Harvest Moon on Olivet Road and Manzanitas Creek in Healdsburg on Grove Street were two other wineries that were not on our list last year.

BEST PORT or LATE HARVEST: We didn't taste many late-harvest wines this year, but Thumbprint Cellars had a gorgeous Cabernet Port available for tasting and futures purchase. This is an investment port that will not be bottled until late summer 2005. At the tasting, the port was paired with rich chocolate truffles—these were not out on the event buffet, but were doled out inside the tasting room to the cognoscenti.

BEST FOOD: Suncé Winery wins this hands-down. First, they cater the food, so that variety and supplies are generous: tender tri-tip slices marinated in peppered grape leaves, toasted cheese-bread, a variety of cheese slices and crackers, a pasta-heavy minestrone, red and green grapes and richly moist chocolate brownies. This year they had to wave traffic on down the road each time their parking lot filled—the word is definitely out about this excellent (and free!) buffet.
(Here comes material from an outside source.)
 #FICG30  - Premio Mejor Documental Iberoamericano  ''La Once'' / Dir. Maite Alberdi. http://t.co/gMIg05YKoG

Thumbprint Cellars had a strong second place for best food, with smoked cheese polenta, miniature mushroom "burgers," and a rich olive tapenade with crackers on the event buffet. (As I mentioned above, they also had wonderful little chocolate truffles inside the tasting room.)

Tri-tip marinated in wine was on the menu at Wilson Winery on Dry Creek Road west of Healdsburg. Wilson's barrels are exclusively Zinfandel, and this year they also had a visitor ballot to rate the barrels between three vineyards. I found the Tori Vineyard wine unpleasantly peppery, and the Stewart Vineyard wine, unusual for a Zinfandel, almost lacking in fruit tones. Not surprisingly, the Carl's Vineyard barrel had 10 votes for every one that went to the Tori.
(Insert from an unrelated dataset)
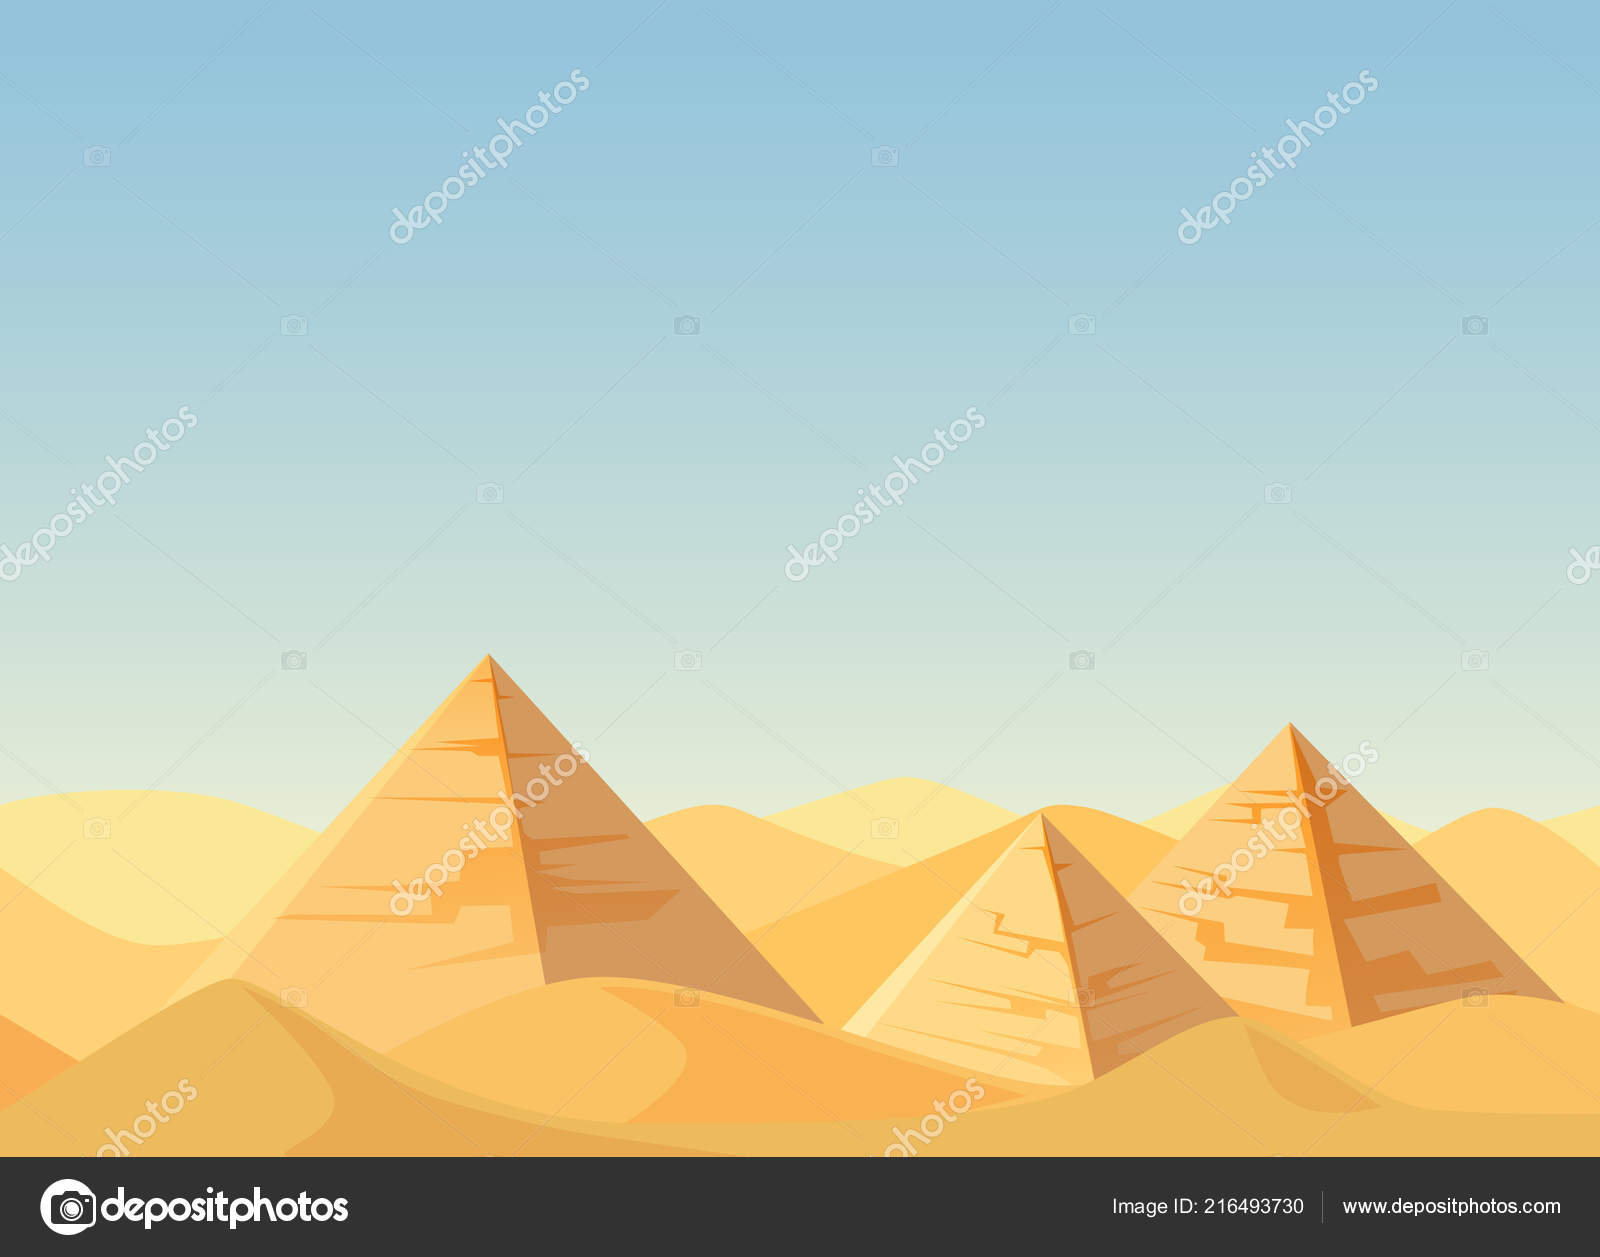 Egypt Pyramids Desert Landscape Cartoon Flat Vector Illustration

FRIENDLIEST PEOPLE: A lady clerk at Pellegrini Family Vineyards gets my vote for the friendliest single person we met today. This is a hard decision to make, because people on the wine road are friendly, and it's an easy in to meet the actual local winemakers. Randy at Harvest Moon was the most accessible winemaker. All three people we spoke with at Christie's Winery were very pleasant to talk to.

So tomorrow is another day to taste the wonderful wines of Sonoma County. If the Russian River vintners will "sell no wine before it's bottled," as the old joke goes, at least we can taste them and get an idea of what's in store for us next year.

Camellia Cellars
57 Front Street
Healdsburg, CA 95448

Harvest Moon Estate & Winery
2192 Olivet Road
Santa Rosa, California 95401

Holdredge Winery
51 Front Street
Healdsburg, CA 95448

Manzanita Creek
1441 B, Grove Street
Healdsburg, CA 95448

Pellegrini Family Vineyards
4055 West Olivet Road
Santa Rosa, CA 95404

Russian Hill Estate Winery
4525 Slusser Rd.
Windsor, Ca 95492

Sapphire Hill Vineyards & Winery
51 Front Street
Healdsburg, CA 95448

Suncé Winery
1839 Olivet Road
Santa Rosa, CA 95401

Thumbprint Cellars
36 North Street
Healdsburg, CA 95448

Wilson Winery
1960 Dry Creek Rd.
Healdsburg, CA 95448



Anonymous Anonymous said...

Although I am now a part of the barrel tasting work force, I enjoy the reviews of critics who truely enjoy this event from the 'outside'. I am still coming down from the exilleration of sampling so many people our food and wine at our new location. You seemed to hit the highlights and I appreciate your passion of the quest. Just one question - how could we more qualify for friendliest people? I am still working to rest my smile and relax my enthusiam from this sun soaked weekend.
Scott Lindstrom-Dake
thumbprint cellars

3/08/2005 9:58 AM  
Blogger DrPat said...

Scott, we enjoyed so much our visit to Thumbprint's tasting room - especially the Cabernet Port! You and your "chef" assistant were inundated with people, yet you were both outgoing and sunny throughout.

And you let your "better half" stay in the cool indoors on that very warm weekend. So great wine, great food and a happy spouse win you lots of kudos in my book!